S.N. | Name of adsorbent | Adsorption capacity (mg/g) | Time | pH | Ref. |
---|---|---|---|---|---|
1. | Silica | 1.5 | - | 2-4 | 24 |
2. | HDTMA-Modified Zeolites Cowlesite | 0.763 | - | 7 | 25 |
3. | Clinoptilolite HDTMA | 0.844 | - | 7 | 26 |
4. | Red clay | 1.3 | - | 4 - 6.5 | 27 |
5. | ZnO2 nanomaterial | 4.98 | 15 | 6.5-7.3 | Present study |
Table 1: Adsorption comparision of PVP functionalized ZnO2 nanomaterial for chromium.
Data accuracy
To ensure the qulatity of data, we have used certified reference material for determination of chromium at optimized conditions of pH, time, adsorbent dose, etc. The calibration of FAAS instrument for chromium determination was carried out using certified reference material after subsequent dilutions by gravimetrically upto the range of analyte sample. All the analysis was carried out three times to get repeatable results and average of three values have been used for final calcultions. The weighing of ZnO2 materials were carried out using Mettler Toledo makes balance. The balance was calibrated by CSIRNPLI following international protocols and procedures. In the same way all the apparatus like volumetric flask, pippets, thermometer etc were get calibrated from CSIR-NPLI prior to use. A process blank has also been prepared and analyzed in the same way and correction applied in final calculations.
A novel application of PVP functionalized ZnO2 nanomaterial has been presented as a potential nanomaterial for the removal of triavalent and hexavalent chromium from contaminated water. The ZnO2 nanomaterial is insoluble in water and soluble particles if any separate out during purification process. To confirm, left over concentration of zinc and acetate ions in the filtrate water were analyzed by Atomic Absorption Spectrometer and Ion Chromatograph respectively and concentration of these ions were always found below detection limits of AAS and IC system. The proposed nanomaterial due to high surface area effectively adsorb chromium and make it suitable for human consumption. The SEM-EDX and FTIR also confirm adsorption of chromium on the surfce of ZnO2 nanomaterial. The Kinetic study reveals that proposed nanomaterial effectively removes more than 99.9% of chromium within 15 minutes. The adsorption studies data were best fitted with Dubinin Raduskevich isotherm model and suggests purely physical adsorption over surface of ZnO2 nanoparticles. During the adsorption process, the pH of water does not alter and there is no need to adjust the pH using acid or alkali. So purify water can be safely used for several application in house including drinking. The PVP is also biocompatible and there is no side effect of the material. The proposed material can be used in remote areas and also suitable for low income people.

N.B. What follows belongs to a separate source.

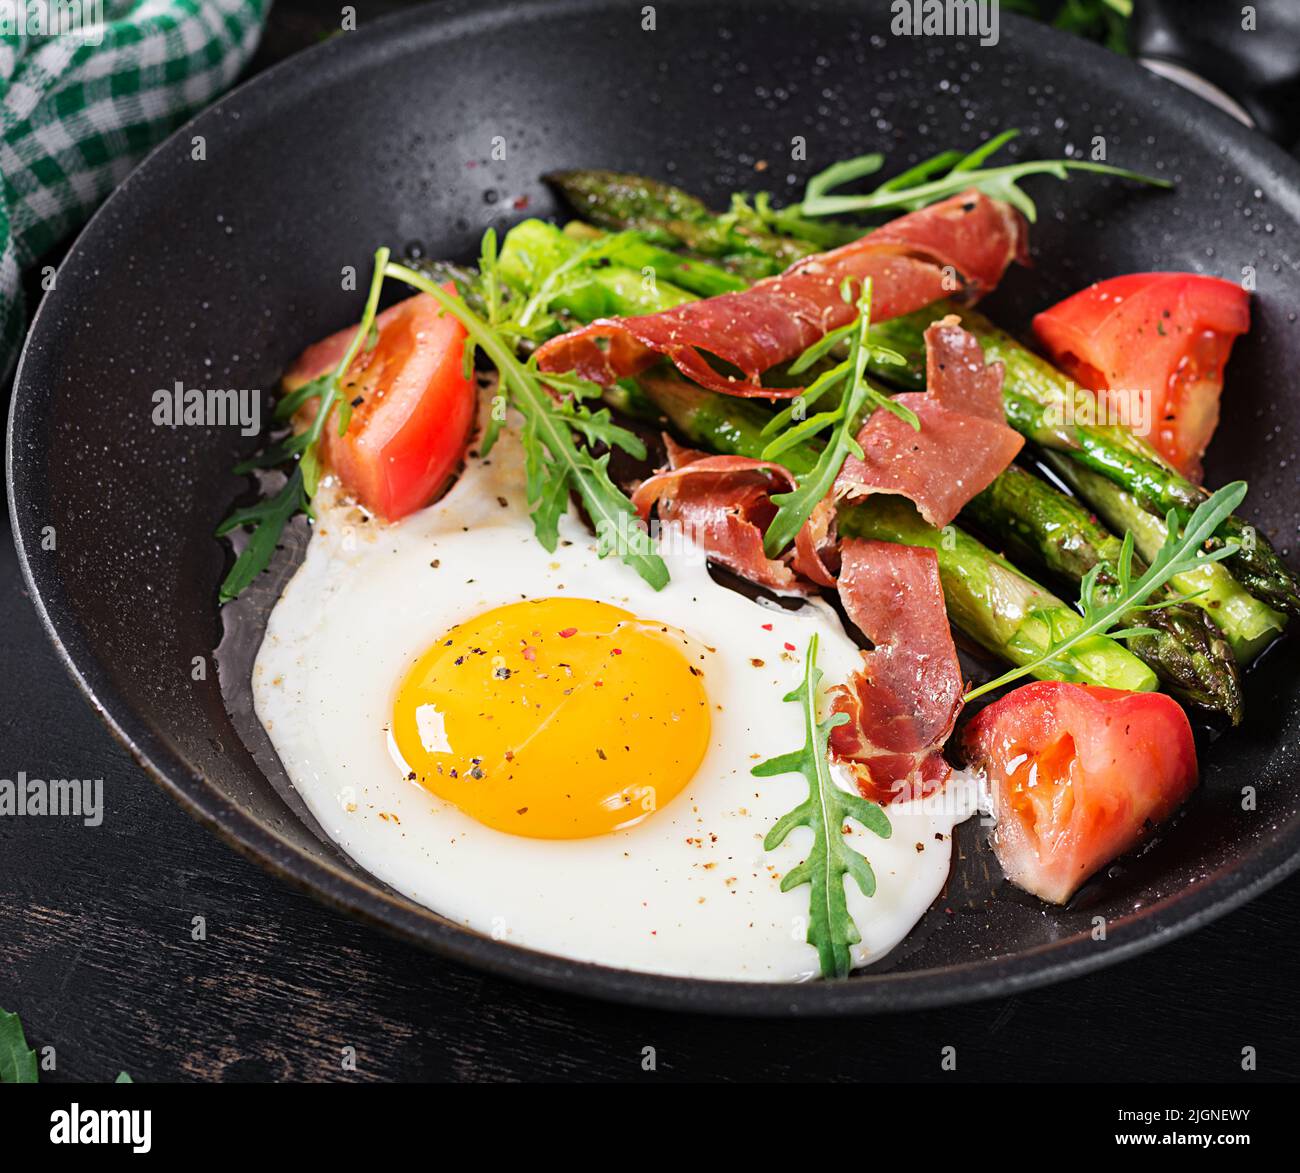 Fried egg with asparagus, tomato and bacon. Useful breakfast. Stock Photo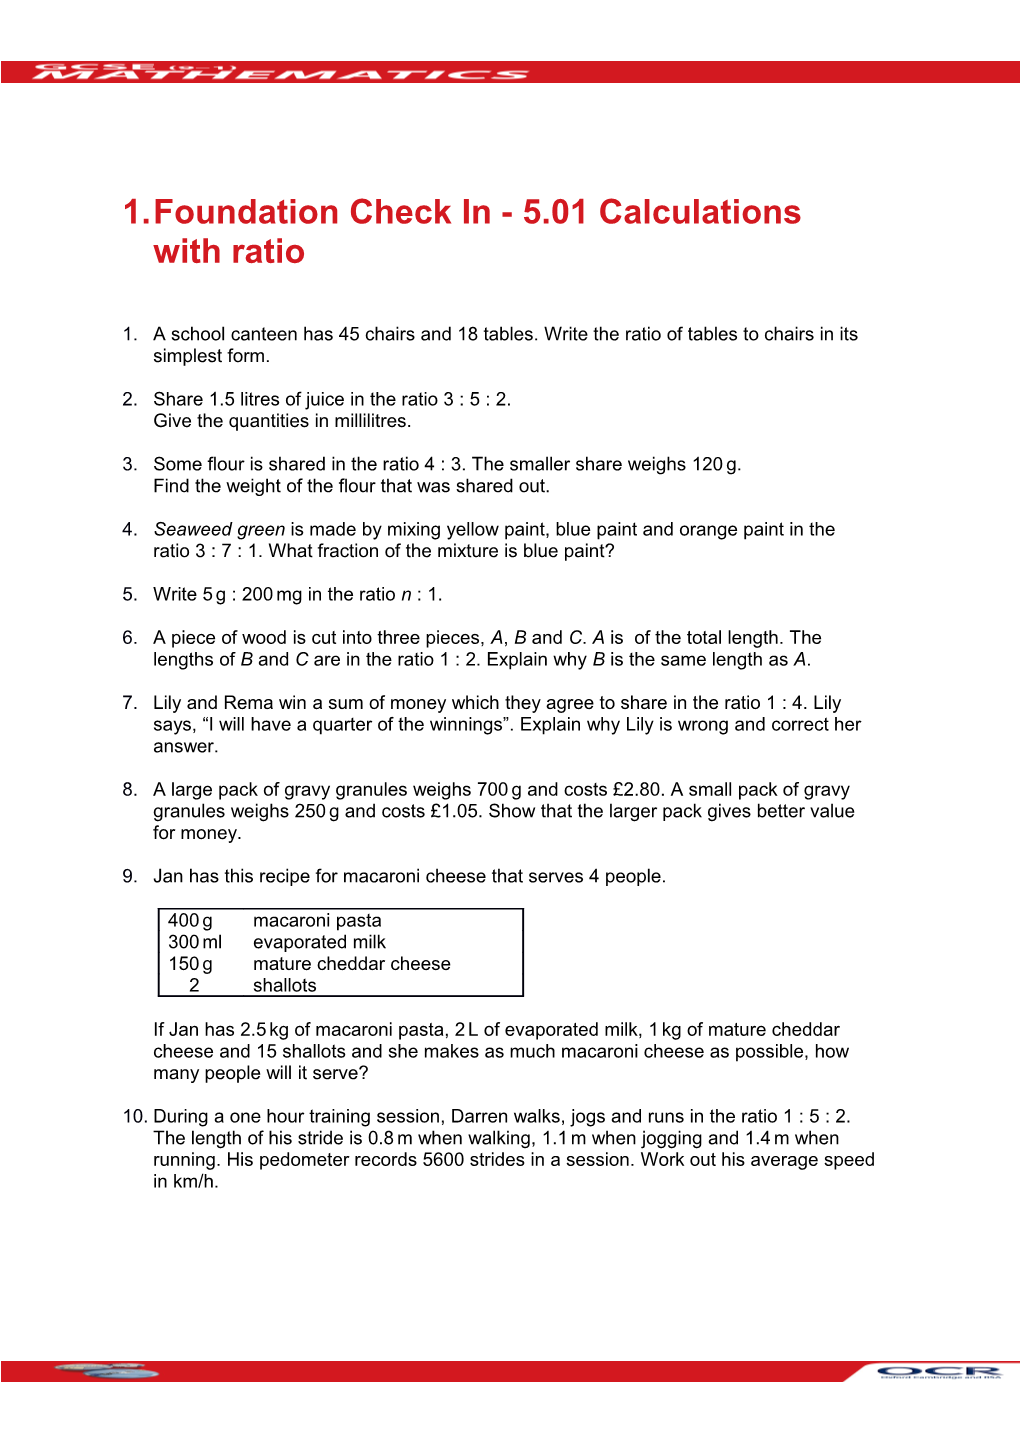 GCSE (9-1) Mathematics Foundation Check in Test (5.01 Calculations with Ratio)

The following outcomes have been observed in the present investigation:
1. Dubinin - Raduskevich isotherm model fitted well to the present study and physical adsorption plays an important role in adsorption process.
2. TEM and EDS studies reveals physical adsorption of chromium over ZnO2 nanoparticles, which has been further confirms from the D-R isotherm model.
3. The PVP functionalized ZnO2 nanomaterial safely remove 20 mg L-1 of chromium (III&VI) below detection limit of FAAS. Whereas 0.07 and 0.08 mg L-1 of chromium (III and VI) remains from 30 mg L-1 and 0.14 and 0.18 mg L-1 from 50 mg L-1.
The authors are grateful to Director; CSIR- National Physical Laboratory, New Delhi for encouragement and permission to publish this work. The authors are also grateful to Dr Rashmi for XRD analysis, polymeric and soft material group for FTIR studies. The authors are also grateful to Sh. Prabhat K.Gupat, Head Analytical Chemistry group for their kind support.